Accordingly, if electric energy is generated from green energy such
as sunlight, wind, or terrestrial heat, the generated electric
energy may have different levels of output power depending on the
time of collection. If it is difficult to consistently store the
electric energy generated from green energy and thus the stored
electric energy is continuously supplied to a load, other energy
which the load requires may not be supplied.
SUMMARY OF THE INVENTION
[0006] Accordingly, one or more exemplary embodiments of the
present invention provide a power supply device and a driving
method thereof which generates a maximum amount of energy when
producing electric energy from eco-friendly green energy such as
sunlight or wind.
[0007] Further, one or more exemplary embodiments of the present
invention provides a power supply device and a driving method
thereof which stores generated electric energy and stably supplies
energy needed by a load.
[0008] The foregoing and/or other exemplary aspects of the present
invention may be achieved by providing a power supply device which
collects green energy and supplies power to a load, the power
supply device, which may include: a main power source unit which
includes a collection unit for collecting green energy and
generating electricity therefrom, a converter which converts the
electric energy supplied by the collection unit into a
predetermined electric energy level and a battery unit which stores
the electric energy converted by the converter and supplies power
to the load; and an auxiliary power source unit which supports the
main power source unit and supplies power to the load.
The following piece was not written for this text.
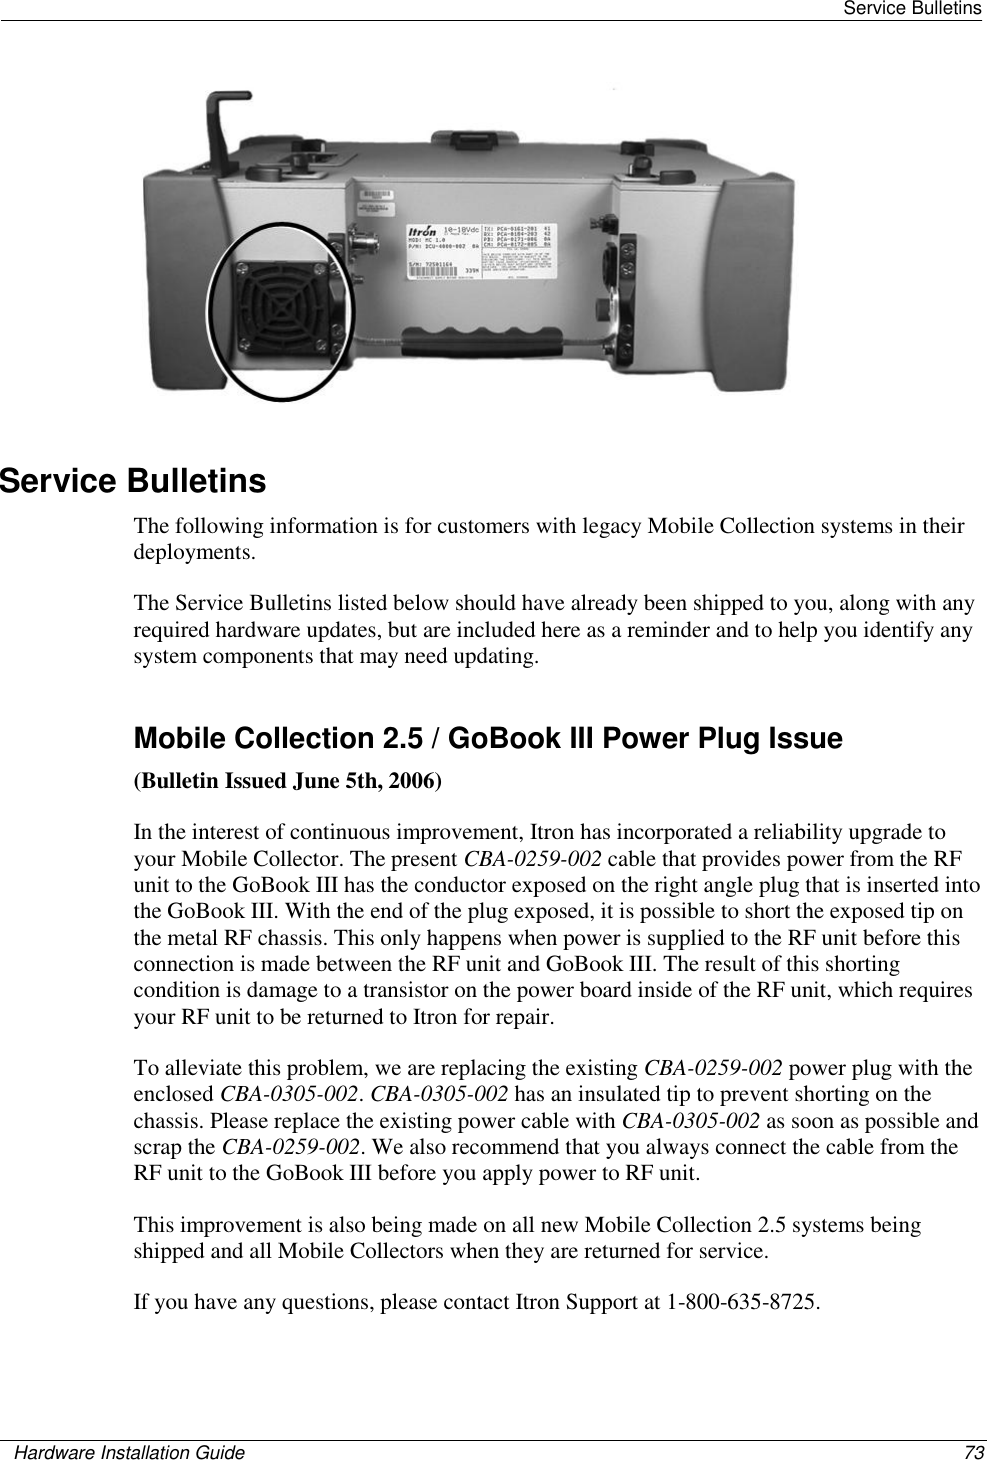   Service Bulletins    Hardware Installation Guide  73    Service Bulletins The following information is for customers with legacy Mobile Collection systems in their deployments.  The Service Bulletins listed below should have already been shipped to you, along with any required hardware updates, but are included here as a reminder and to help you identify any system components that may need updating.   Mobile Collection 2.5 / GoBook III Power Plug Issue (Bulletin Issued June 5th, 2006) In the interest of continuous improvement, Itron has incorporated a reliability upgrade to your Mobile Collector. The present CBA-0259-002 cable that provides power from the RF unit to the GoBook III has the conductor exposed on the right angle plug that is inserted into the GoBook III. With the end of the plug exposed, it is possible to short the exposed tip on the metal RF chassis. This only happens when power is supplied to the RF unit before this connection is made between the RF unit and GoBook III. The result of this shorting condition is damage to a transistor on the power board inside of the RF unit, which requires your RF unit to be returned to Itron for repair.  To alleviate this problem, we are replacing the existing CBA-0259-002 power plug with the enclosed CBA-0305-002. CBA-0305-002 has an insulated tip to prevent shorting on the chassis. Please replace the existing power cable with CBA-0305-002 as soon as possible and scrap the CBA-0259-002. We also recommend that you always connect the cable from the RF unit to the GoBook III before you apply power to RF unit. This improvement is also being made on all new Mobile Collection 2.5 systems being shipped and all Mobile Collectors when they are returned for service. If you have any questions, please contact Itron Support at 1-800-635-8725.

[0009] According to an exemplary aspect of the present invention,
the converter may supply the electric energy to the battery unit if
the electric energy generated by the collection unit is within a
predetermined error range based on a maximum level of electric
energy to be generated by the collection unit.
[0010] According to another exemplary aspect of the present
invention, the converter may include a sensor which detects a
voltage of the collection unit, a reference voltage supply which
supplies a reference voltage, and a first controller which compares
the voltage of the collection unit detected by the sensor and the
reference voltage supplied by the reference voltage supply and
controls whether to store in the battery unit the electric energy
generated by the collection unit.
[0011] According to yet another exemplary aspect of the present
invention, the power supply device may further include a first
switch which connects the main power source unit and the load, and
a second controller which compares the voltage of the main power
source unit and a preset first voltage and opens/closes the first
switch.
[0012] The second controller may close the first switch if the
voltage of the main power source unit is higher than the preset
first voltage, and may open the first switch if the voltage of the
main power source unit is lower than the preset first voltage.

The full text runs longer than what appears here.